### ASSIGNED TASK
Shown below is a listing with pictures; reproduce exactly, and only, the lines between the ones containing "30+ White glass coffee table ikea ideas" and "L'esprit de l'hiver", inclusive, leaving the pictures out.

(Beginning of MATERIAL SHOWN)

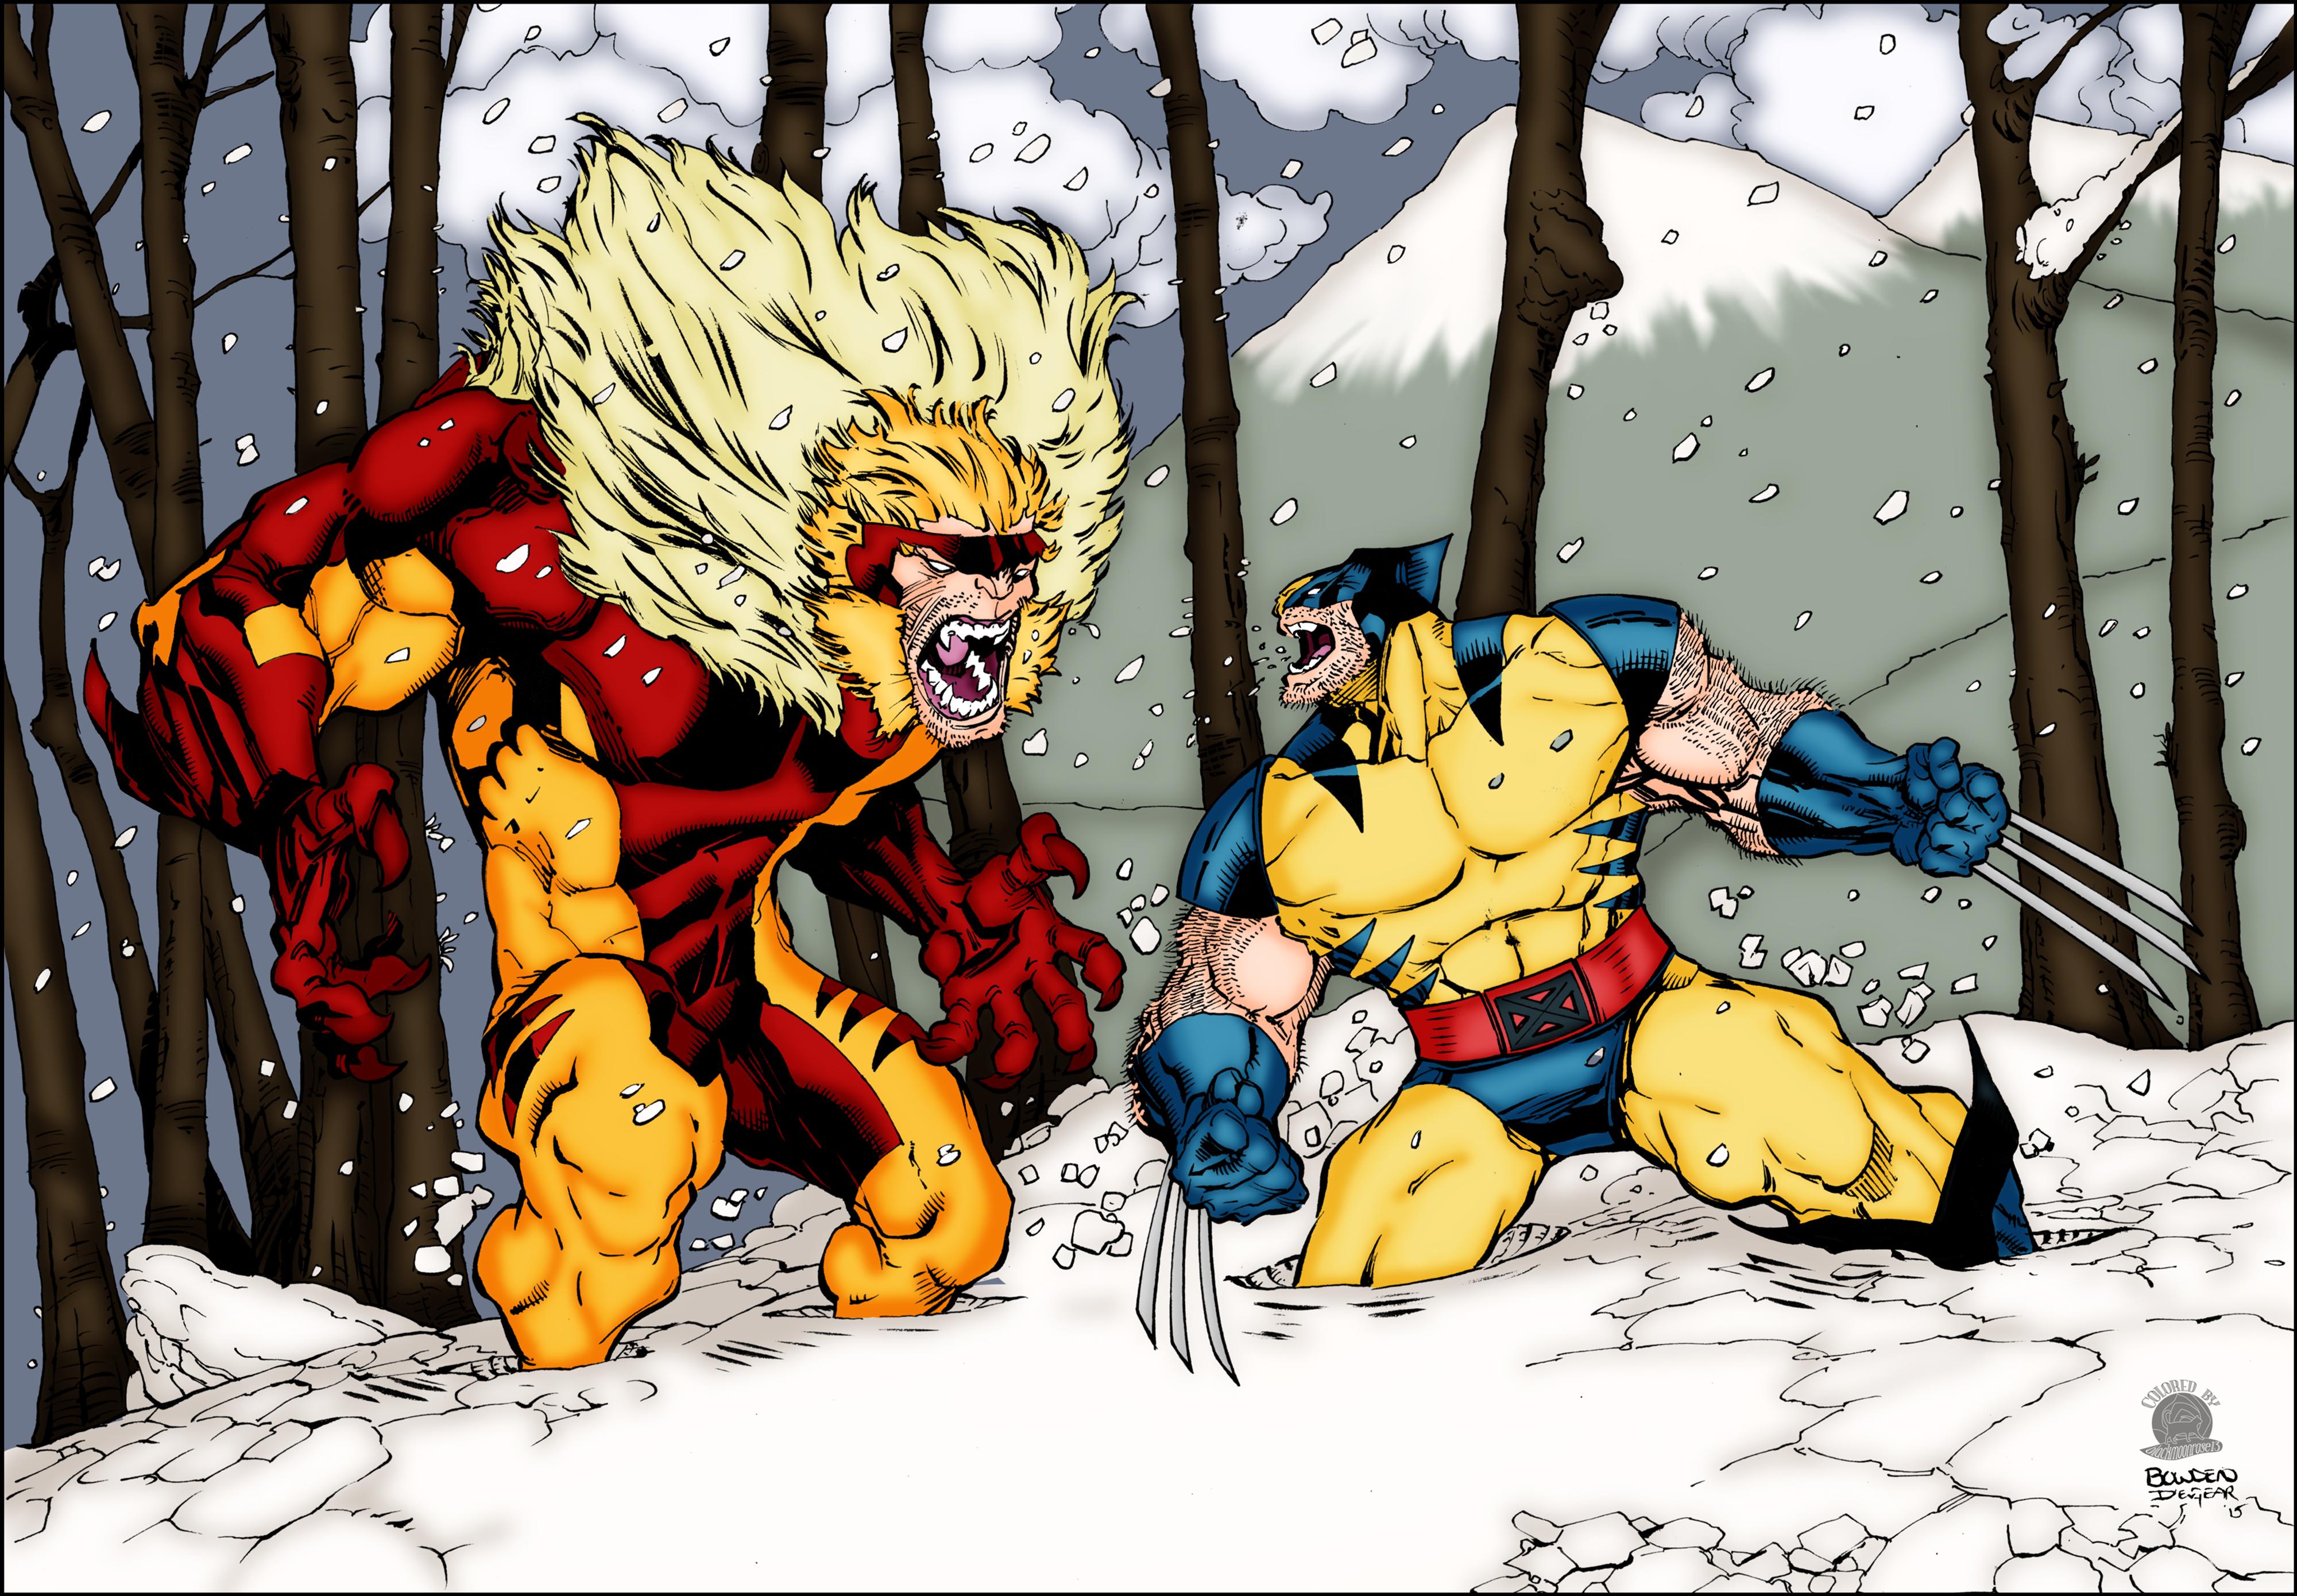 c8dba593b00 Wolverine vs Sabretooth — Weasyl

(End of MATERIAL SHOWN)
(Beginning of MATERIAL SHOWN)

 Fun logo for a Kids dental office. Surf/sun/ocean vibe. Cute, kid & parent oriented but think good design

(End of MATERIAL SHOWN)
(Beginning of MATERIAL SHOWN)

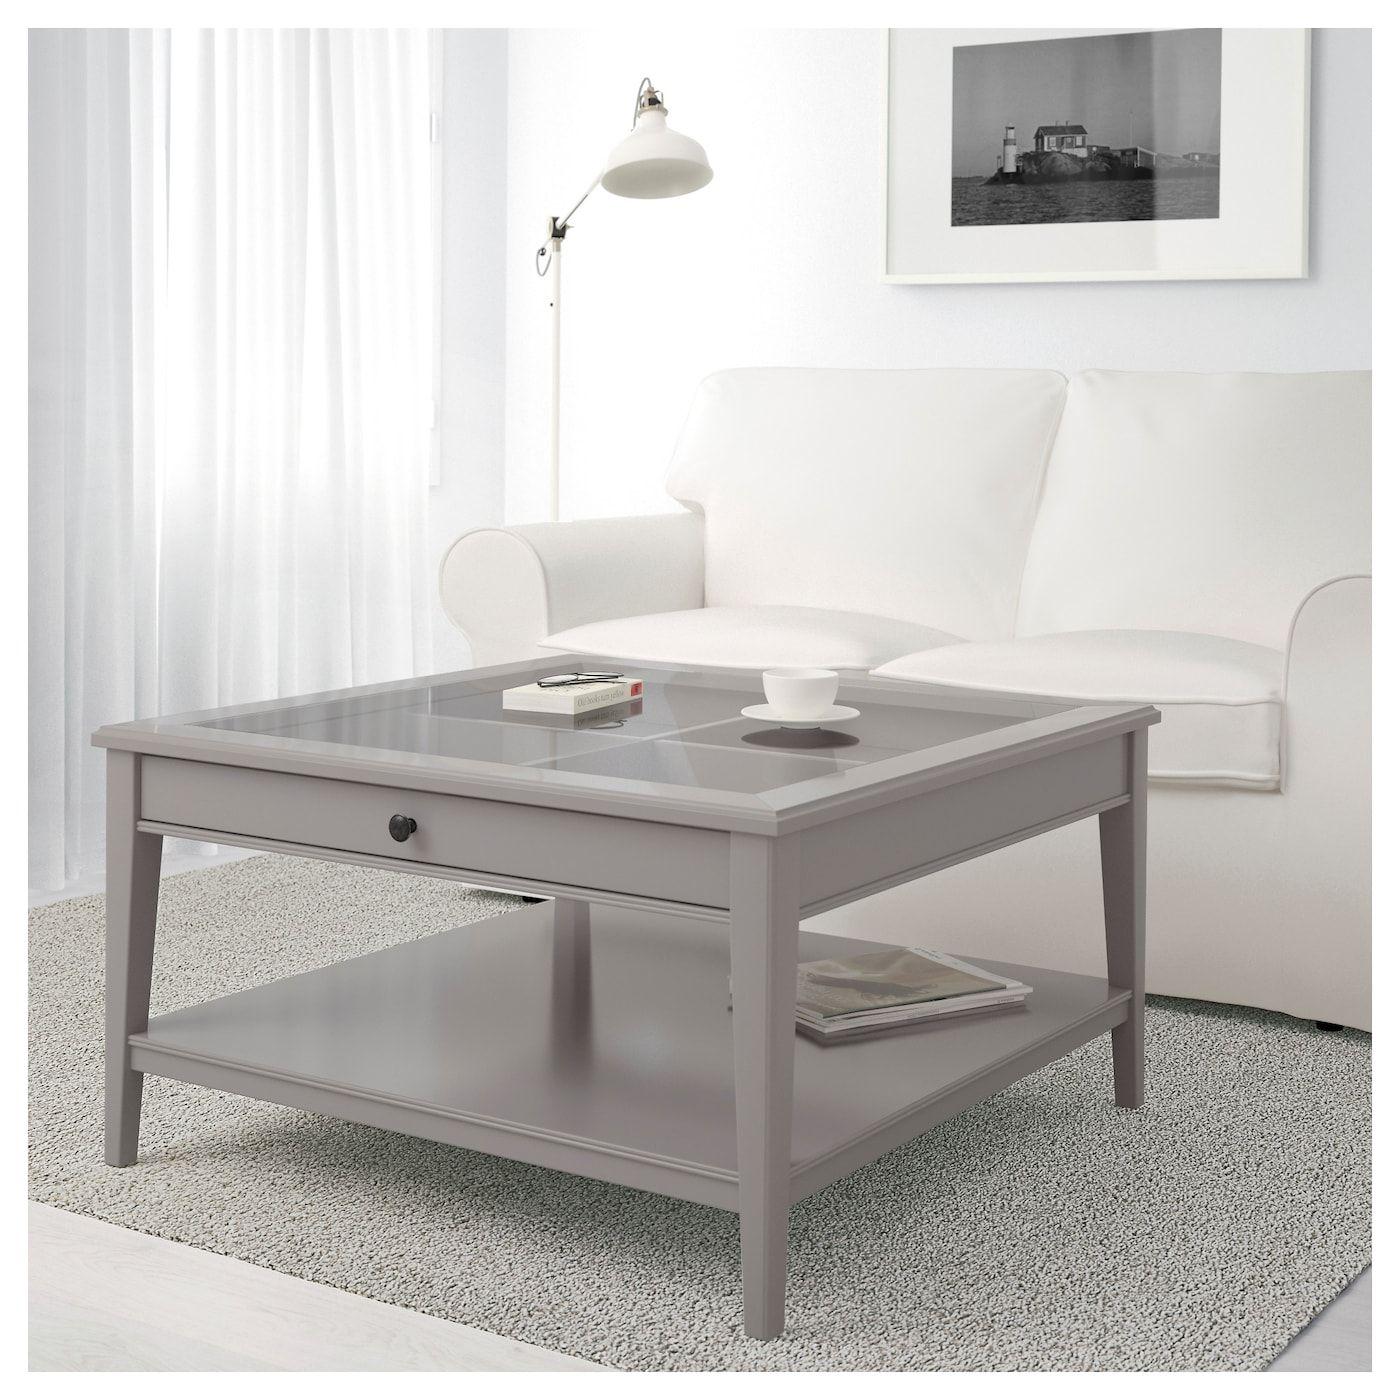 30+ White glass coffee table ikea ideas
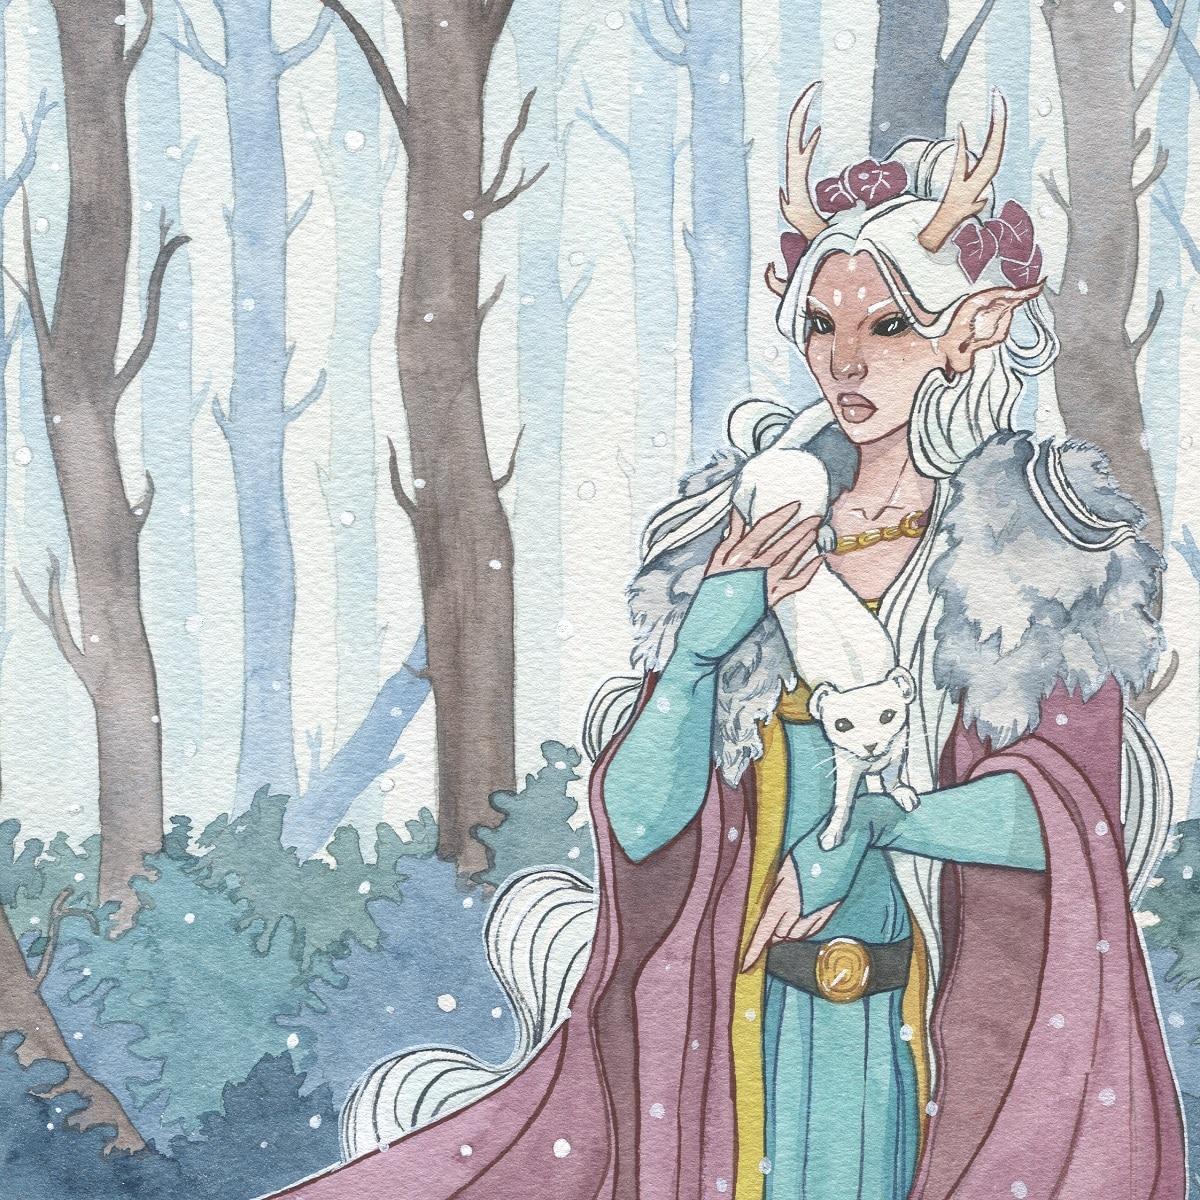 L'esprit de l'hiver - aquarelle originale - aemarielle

(End of MATERIAL SHOWN)

### PROBLEM SOLUTION
 30+ White glass coffee table ikea ideas
 L'esprit de l'hiver - aquarelle originale - aemarielle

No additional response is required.